In this embodiment, the main thread continuously parses each line of script in the upgrade script, continuously generates a differential upgrade instruction, and correspondingly encapsulates the differential upgrade instruction into a differential task. Meanwhile, each sub-thread in the idle state sequentially retrieves one differential task from the task queue list to execute, and each sub-thread can only execute one differential task 1 time, so that the N sub-threads in the idle state can execute N differential upgrade instructions (N differential tasks) at a time, in other words, the N sub-threads in the idle state are concurrently executed at the same time, which is different from the existing method that only one differential task corresponding to one differential upgrade instruction can be executed at a time, and only serial differential upgrade can be realized. Just because the differential upgrading process is equivalent to that N +1 threads run simultaneously, the purpose of simultaneously and differentially upgrading N files to be upgraded at the same time can be achieved, the speed is increased, and convenience is brought to users.

Illustratively, the concurrently executing the acquired difference task by the at least two sub-threads specifically includes:

Further, in the process of executing the difference task, each sub-thread has different execution speeds, a sub-thread preferentially completes the difference task and is in an idle state again, at this time, the sub-thread in the idle state continues to select the next difference task from the task queue in sequence, and the next difference task is not required to be taken until the difference tasks of other sub-threads are completed. And if all the differential tasks in the task queue are finished, all the sub-threads are in a waiting state, namely an idle state, so as to wait for the subsequent upgrading operation of the main thread to finish the differential upgrading.

And as long as the sub-thread executes the current task, the sub-thread immediately acquires the next unexecuted differential task from the task queue list to execute again without waiting for other sub-threads to finish the task. Therefore, by the detection mechanism, the states of all the difference tasks are detected in real time, and then the remaining difference tasks which are not executed are determined according to the states of the difference tasks. It is to be understood that, after the concurrently executing the acquired differential task by the at least two sub-threads, the method further includes:

For example: and detecting the remaining 5 differential tasks and 4 idle-state sub-threads, wherein at the moment, the 4 idle-state sub-threads sequentially select 4 remaining differential tasks from the task queue list (only 1 differential task remains in the task queue list to wait for the idle-state sub-threads), and the sub-threads in the differential tasks are in a busy state.
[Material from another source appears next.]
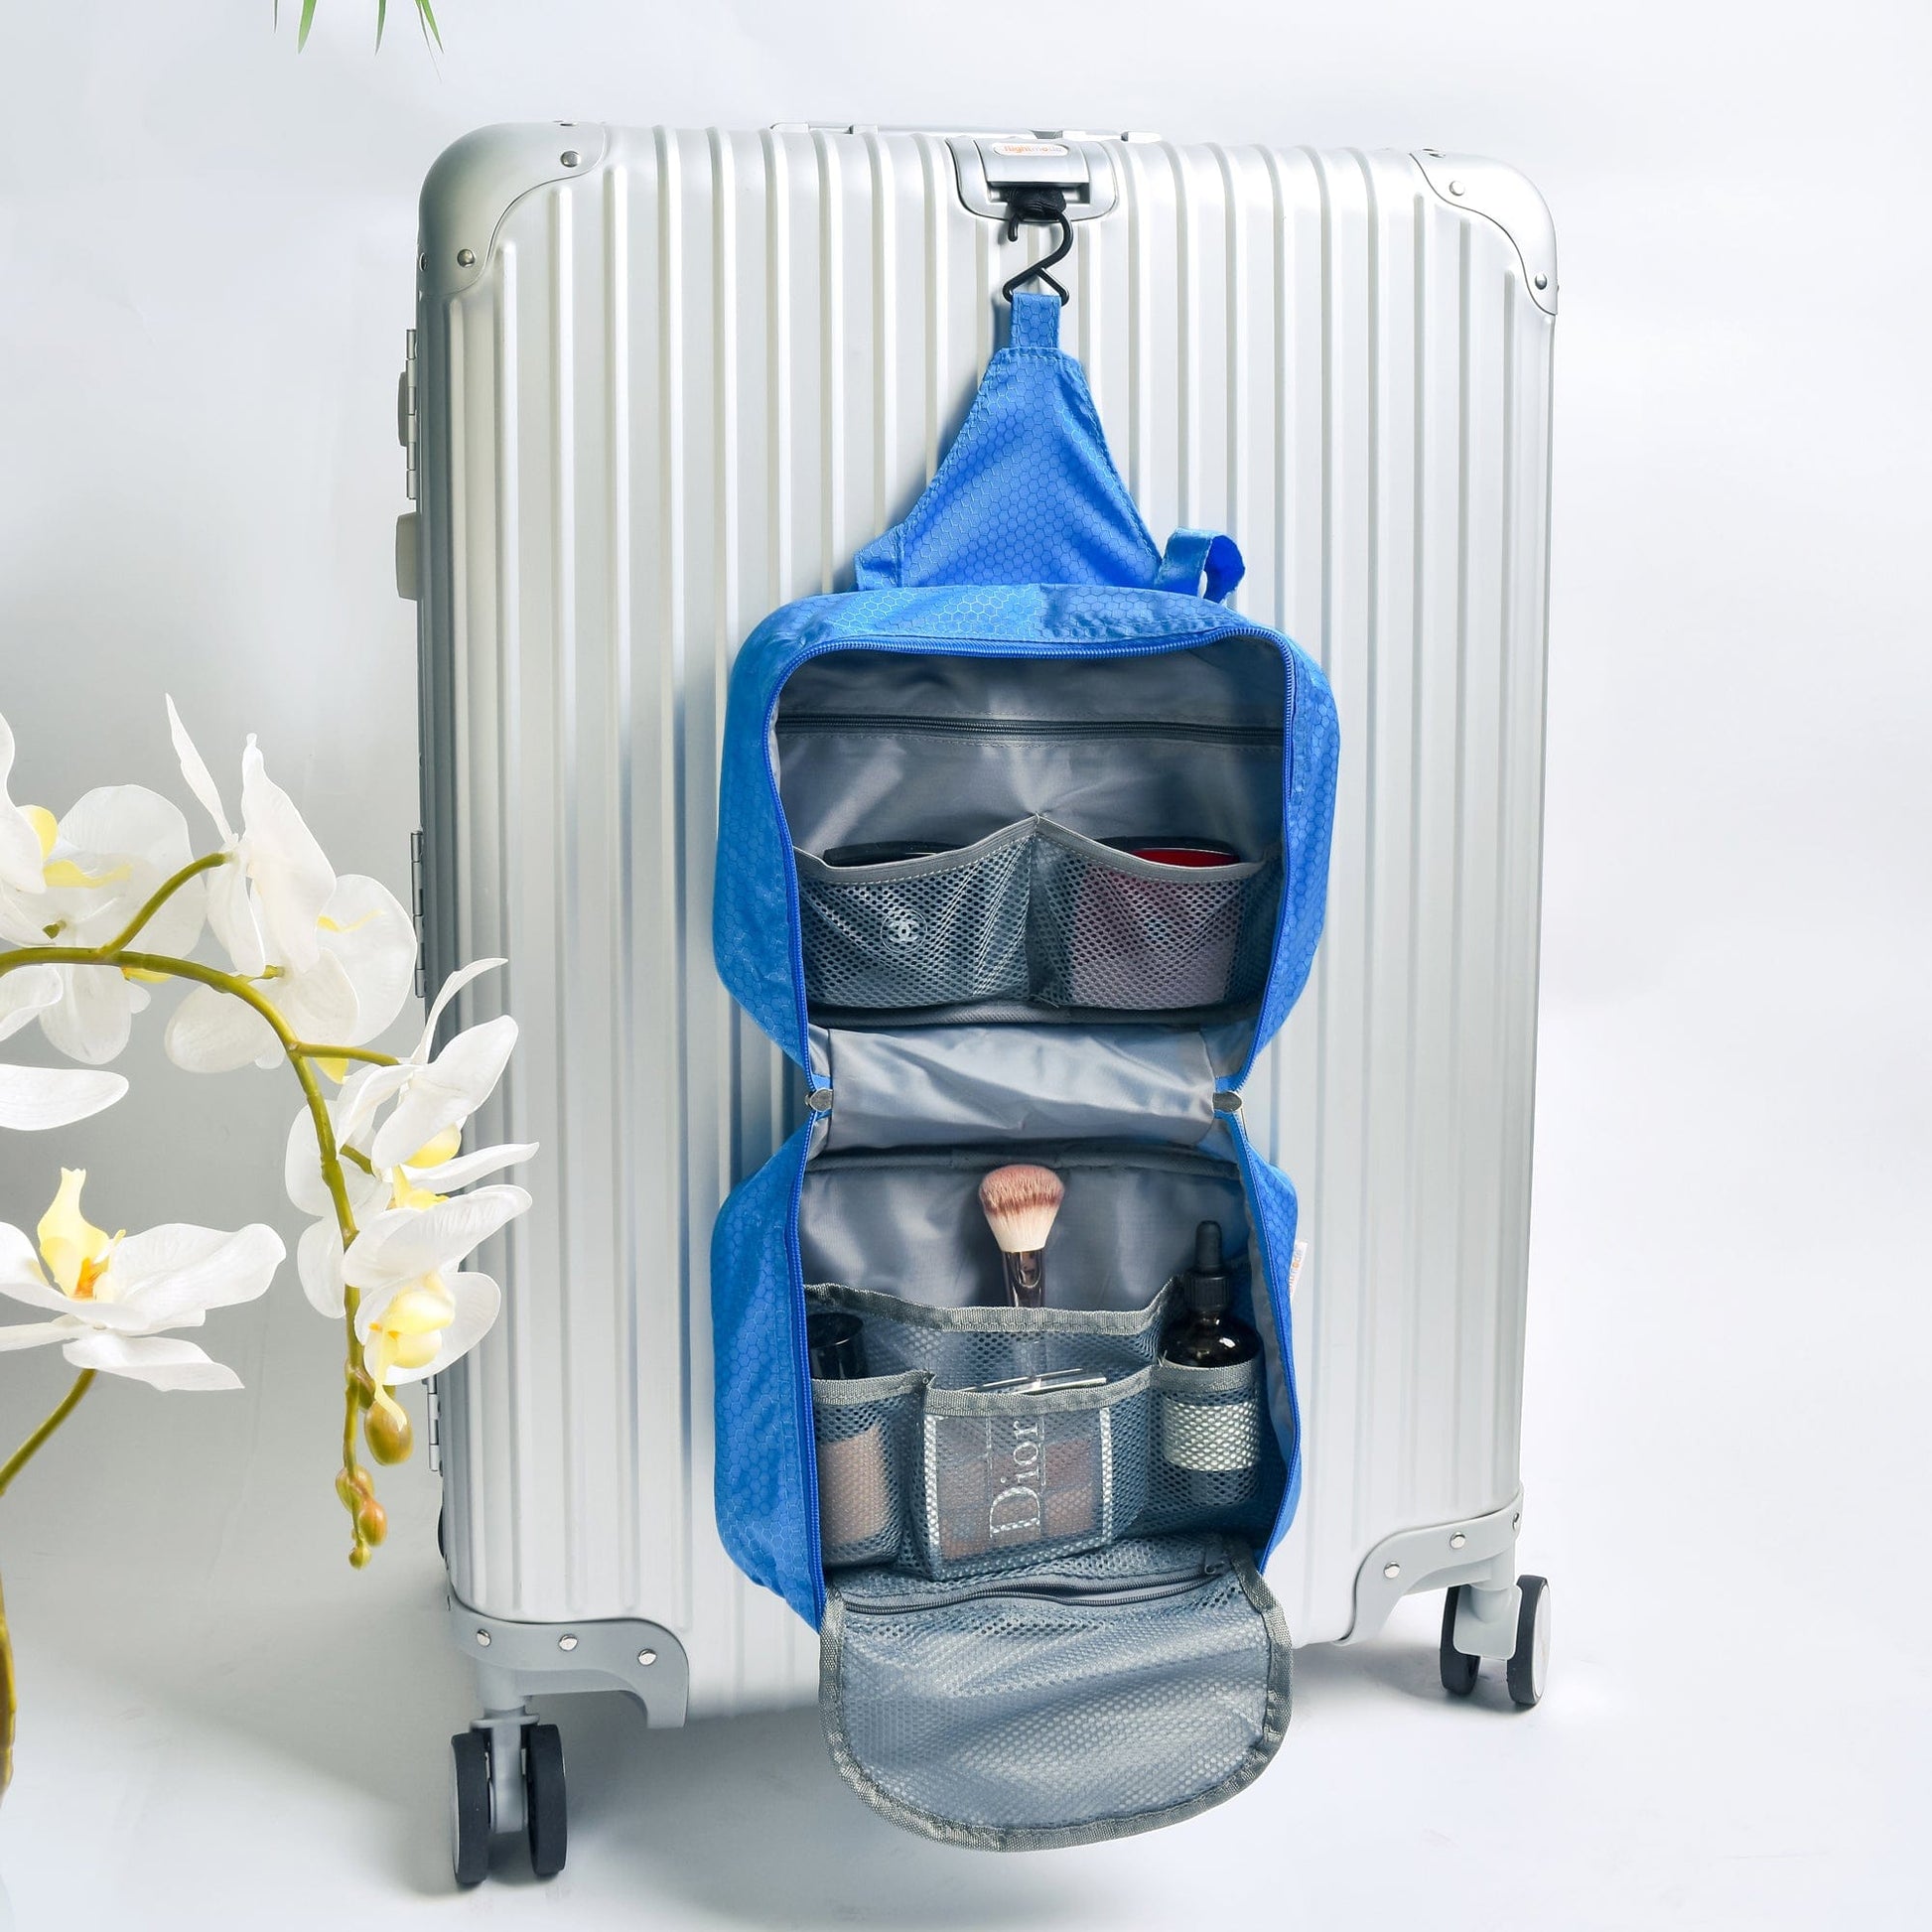 Flightmode toiletry bag Travel Waterproof Hanging Toiletry Bag - Blue
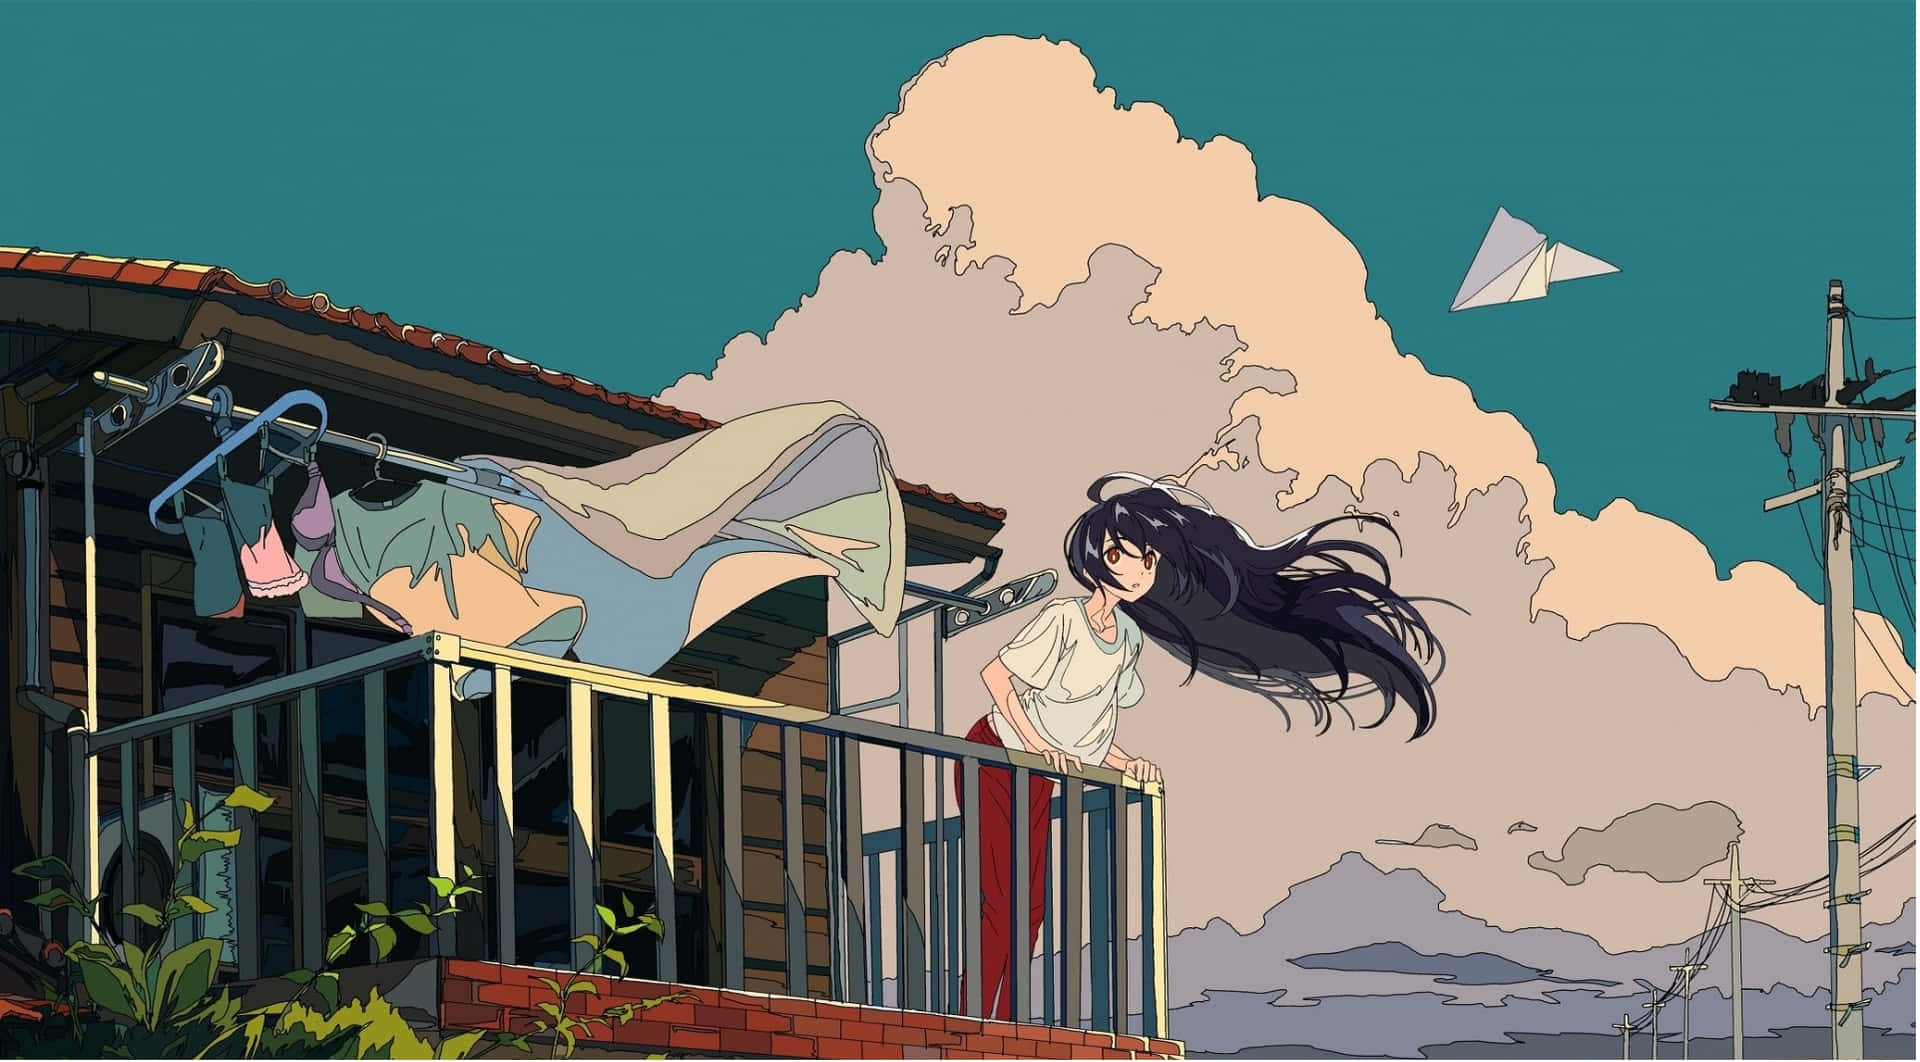 Enfantasifuld Anime-æstetisk Tapet Af To Karakterer I En Livlig Solnedgang.

Furthermore, if the number of the sub-threads in the idle state is larger than the number M of the remaining differential tasks, M sub-threads are randomly selected and execute all the remaining differential tasks concurrently; m is a positive integer greater than or equal to 1.

For example: and detecting the remaining 3 differential tasks and 4 idle sub-threads, wherein at the moment, randomly controlling the 3 idle sub-threads to sequentially select the 3 differential tasks from the task queue list (only 1 idle sub-thread is left), and updating the states of the 3 idle sub-threads in the execution of the differential tasks to be busy. In order to further understand the technical solution of parallel upgrading in the differential upgrading method of the present application, an example is described below, as follows:

for example: the task queue table stores 10 differential tasks, which are respectively marked as 1,2, 3,4,5,6,7,8,9 and 10, and 4 sub-threads, which are respectively marked as X1, X2, X3 and X4, are started.

At time T1:

the X1 takes the task 1 and executes the differential task 1, and the state is updated from an idle state to a busy state at the moment;

the X2 takes task 2 and executes differential task 2, and the state is updated from an idle state to a busy state at the moment;

the X3 takes task 3 and executes differential task 3, and the state is updated from an idle state to a busy state;

the X4 takes task 4 and executes differential task 4, and the state is updated from an idle state to a busy state at the moment;

at time T2:

x1 is still executing differential task 1, while the status is still busy;

x2 is still executing differential task 2, while the status is still busy;

x3 ends the difference task 3, the state is updated from busy state to idle state, then continues to get task 5, and executes the difference task 5, the state is updated from idle state to busy state;

x4 ends difference task 4, the state is updated from busy state to idle state, then continues to get task 6, and executes difference task 6, the state is updated from idle state to busy state;

at time T3:

x1 ends the differential task 1, the state is updated from the busy state to the idle state, then the differential task 7 is continuously taken, the differential task 7 is executed, and the state is updated from the idle state to the busy state;

x2 ends the differential task 2, the state is updated from the busy state to the idle state, then the differential task 8 is continuously taken, the differential task 8 is executed, and the state is updated from the idle state to the busy state;

x3 is still executing differencing task 5, which is still busy;

x4 ends the differential task 6, the state is updated from the busy state to the idle state, then continues to get the differential task 9, and executes the differential task 9, the state is updated from the idle state to the busy state;

at time T4:

x1 is still executing differencing task 7, which is still busy;

x2 ends the differential task 8, the state is updated from the busy state to the idle state, then continues to get the differential task 10, and executes the differential task 10, the state is updated from the idle state to the busy state;

x3 is still executing differencing task 5, which is still busy;

x4 is still executing differencing task 9, which is still busy;

at time T5:

x1 ends difference task 7, where the status is updated from busy status to idle status;

x2 ends difference task 10, where the status is updated from busy status to idle status;

x3 ends difference task 5, where the status is updated from busy status to idle status;

x4 ends difference task 9 when the status is updated from busy to idle.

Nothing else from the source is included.